Before we can build a model,
we need data.

The code below uses the Python standard library to download the
[MNIST dataset of handwritten digits](https://en.wikipedia.org/wiki/MNIST_database)
from the internet.

The data used to train state-of-the-art models these days
is generally too large to be stored on the disk of any single machine
(to say nothing of the RAM!),
so fetching data over a network is a common first step in model training.

In [None]:
from pathlib import Path
import requests


def download_mnist(path):
    url = "https://github.com/pytorch/tutorials/raw/master/_static/"
    filename = "mnist.pkl.gz"

    if not (path / filename).exists():
        content = requests.get(url + filename).content
        (path / filename).open("wb").write(content)

    return path / filename


data_path = Path("data") if Path("data").exists() else Path("../data")
path = data_path / "vector-mnist"
path.mkdir(parents=True, exist_ok=True)

datafile = download_mnist(path)

Larger data consumes more resources --
when reading, writing, and sending over the network --
so the dataset is compressed
(`.gz` extension).

Each piece of the dataset
(training and validation inputs and outputs)
is a single Python object
(specifically, an array).
We can persist Python objects to disk
(also known as "serialization")
and load them back in
(also known as "deserialization")
using the `pickle` library
(`.pkl` extension).

In [None]:
import gzip
import pickle


def read_mnist(path):
    with gzip.open(path, "rb") as f:
        ((x_train, y_train), (x_valid, y_valid), _) = pickle.load(f, encoding="latin-1")
    return x_train, y_train, x_valid, y_valid

x_train, y_train, x_valid, y_valid = read_mnist(datafile)

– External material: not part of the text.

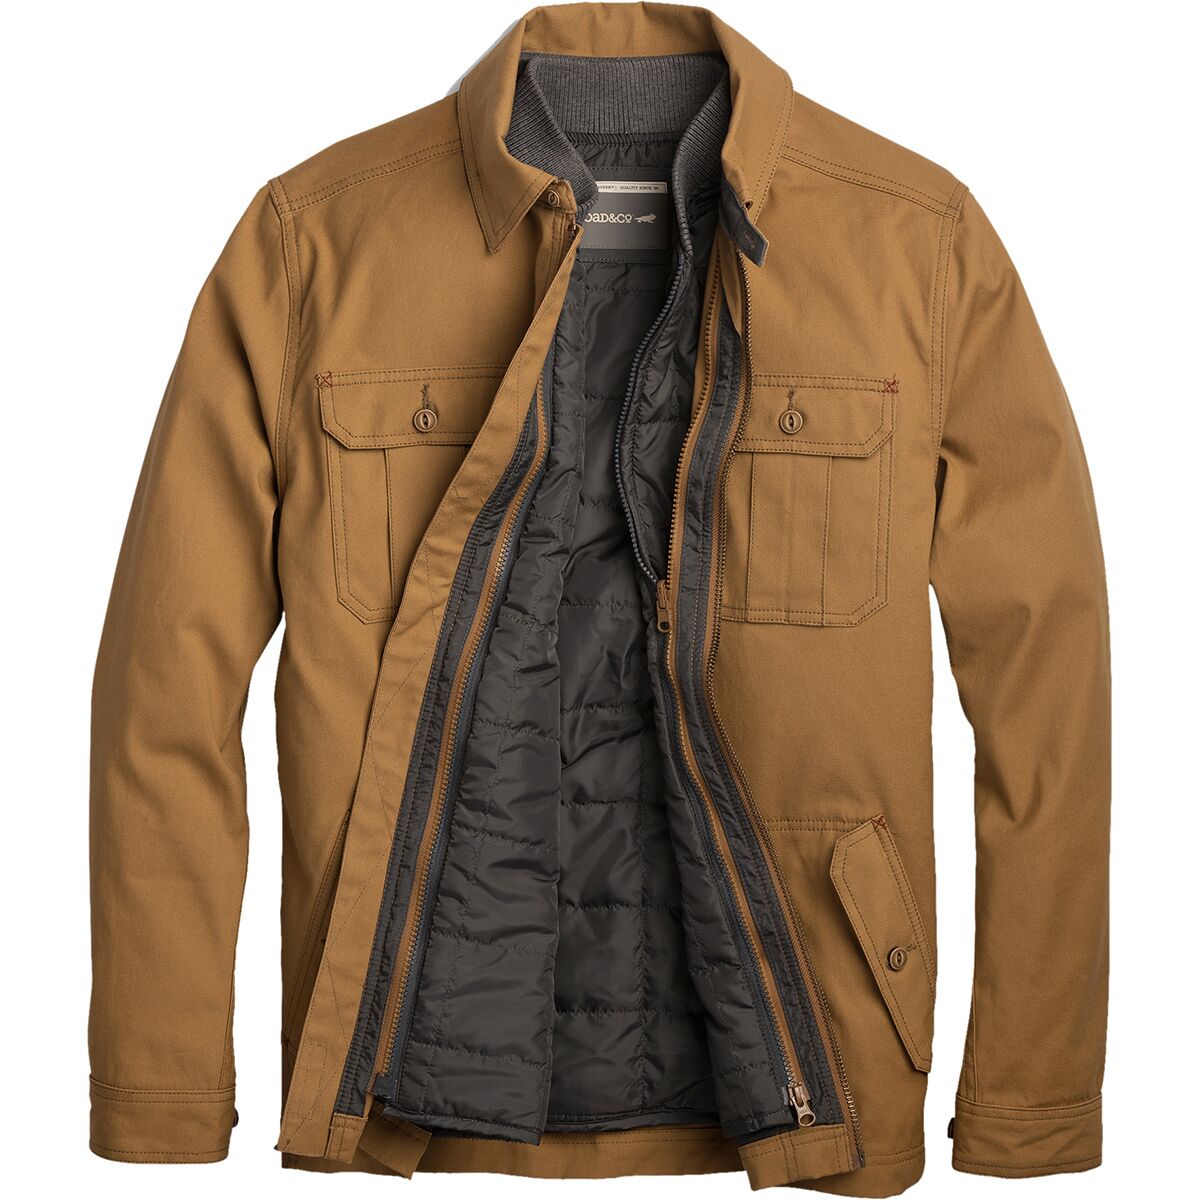 Toad&Co Cool Hand Jacket - Men's - Clothing

PyTorch provides its own array type,
the `torch.Tensor`.
The cell below converts our arrays into `torch.Tensor`s.

Very roughly speaking, a "tensor" in ML
just means the same thing as an
"array" elsewhere in computer science.
Terminology is different in physics, mathematics, and in computing,
but the term "tensor" connotes an array with more than two dimensions.

We won't spend too much time on the internals of PyTorch.
If you're interested, check out
[this blog post by Edward Yang](http://blog.ezyang.com/2019/05/pytorch-internals/).

In [None]:
import torch


x_train, y_train, x_valid, y_valid = map(
    torch.tensor, (x_train, y_train, x_valid, y_valid)
)

Tensors are defined by their contents:
they are big rectangular blocks of numbers.

In [None]:
print(x_train, y_train, sep="\n")

Accessing the contents of `Tensor`s is called "indexing",
and uses the same syntax as general Python indexing.
It always returns a new `Tensor`:

In [None]:
y_train[0], x_train[0, ::2]

PyTorch, like many libraries for high-performance array math,
allows us to quickly and easily access metadata about our tensors.

The most important pieces of metadata about a `Tensor`,
or any array, are its _dimension_
and its _shape_.

The dimension specifies how many indices you need to get a number
out of an array.

In [None]:
x_train.ndim, y_train.ndim

In [None]:
x_train[0, 0], y_train[0]

For a one-dimensional `Tensor` like `y_train`, the shape tells you how many entries it has.
For a two-dimensional `Tensor` like `x_train`, the shape tells you how many rows and columns it has.

In [None]:
n, c = x_train.shape
print(x_train.shape)
print(y_train.shape)

This metadata serves a similar purpose for `Tensor`s
as type metadata serves for other objects in Python
(and other programming languages).

That is, types tell us whether an object is an acceptable
input for or output of a function.
Many functions on `Tensor`s, like indexing,
matrix multiplication,
can only accept as input `Tensor`s of a certain shape and dimension
and will return as output `Tensor`s of a certain shape and dimension.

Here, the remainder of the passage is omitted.